Vocalist Alexis Parsons is well seated in the jazz tradition. Her previous record was a set of wide-ranging takes on standards accompanied by pianist Frank Kimbrough. One can sense the influence of theatrical and art songs and perhaps even the phonetics of her Greek and Swedish heritage.

Her second recording is another duo with a pianist and her playing partner couldn’t be a better choice. Like Parsons, Connie Crothers has a unique way of extending the jazz language without abandoning it, often recalling romantic elegance of Chopin, Elgar or Schumann but with the punctuated underpinnings of her mentor Lennie Tristano. Together they have crafted a spirited and inventive record.

There is a throwback feeling to their duets at times. Parsons’ wordless vocals would not have been out of place alongside the avant-garde art songs of the ‘70s. But she’s able to go there and come back again.

She nicely borrows snatches of “It Ain’t Necessarily So” (from Porgy and Bess) in “Stranger” and the pair resolves the record with a wonderful take on “Wild is the Wind," a song that already bears the fingerprints of Johnny Mathis, Nina Simone and David Bowie. But the two find their own way through it with Crothers’ simply elegant phrasing and the most vulnerable vocals Parsons delivers in the set, focusing on the poetry of the words and almost whispering the melody.

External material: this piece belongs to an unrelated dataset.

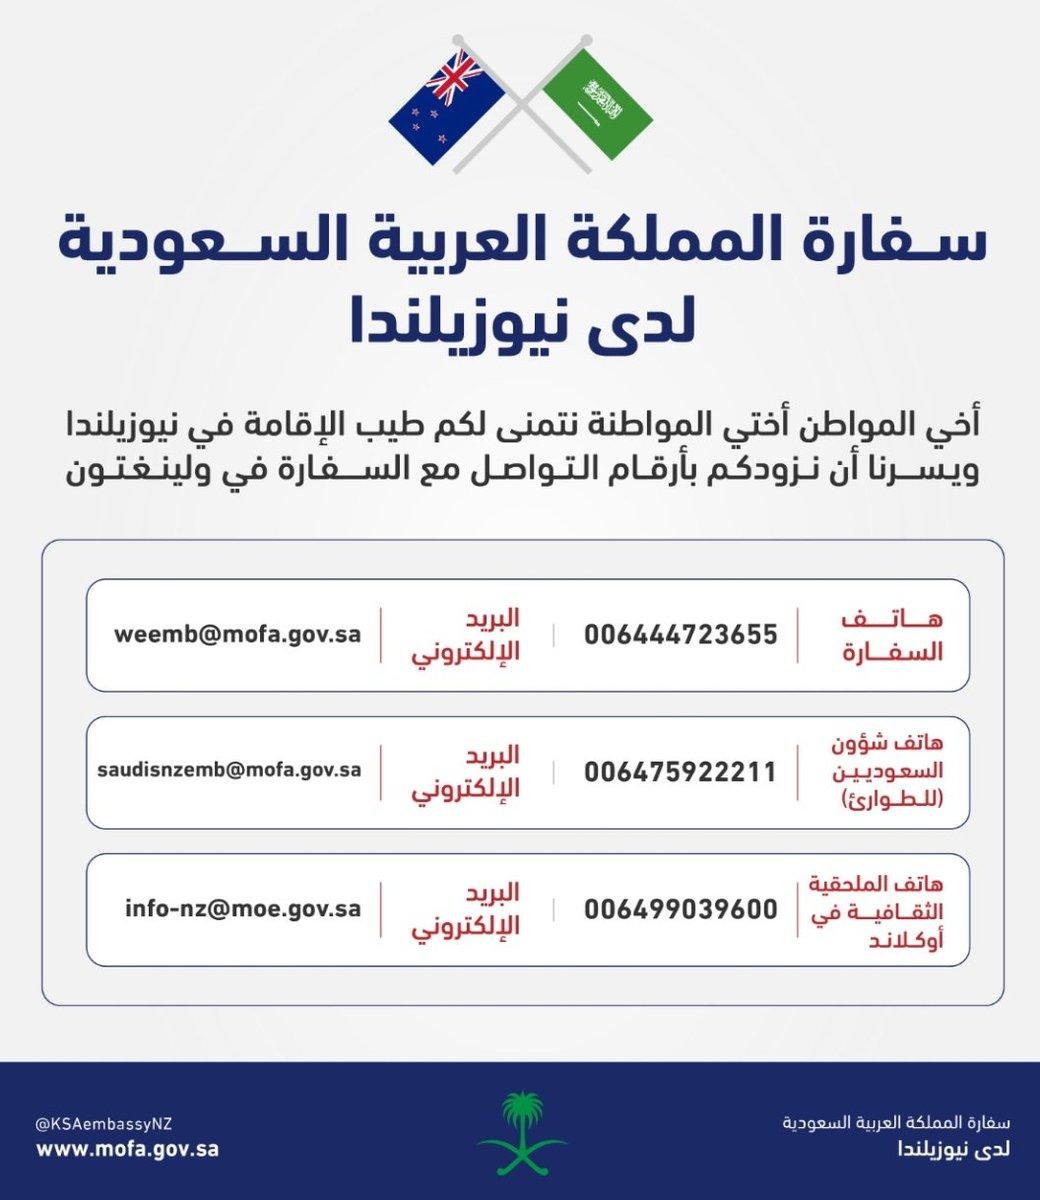 Saudi Embassy In New Zealand Ksaembassynz Twitter

Singer-with-piano-accompaniment isn’t often a pairing of equals, but Parsons and Crothers approach it as a couple of instrumentalists, moving in and out of themes, playing together and apart with ease. Hippin’ is a fresh setting of jazz classicism.
— Kurt Gottschalk, New York City Jazz Record, December 2012
 

 

Alexis Parsons, Connie Crothers – HIPPIN’: ... Connie’s piano is solidly behind the spoken-word Alexis is doing, especially on pieces like “Exactly… what?” If you’re not a spoken-word fan, you may not (exactly) “grok” what the duo is doing – but I can tell you, as an early proponent of spoken-word, that on this tune, Alexis rolls all the way from free-form to great blues form, & projects her power all the way! It’s the title cut, “Hippin’," that floats my boat in finest form, though … similar, in fact, to some sketches I’ve done before…. totally cool stream-of-consciousness event! Connie’s piano is pure improv on this one. I give Alexis & Connie a MOST HIGHLY RECOMMENDED for listeners who demand something different in their sonic adventures. “EQ” (energy quotient) is 4.97.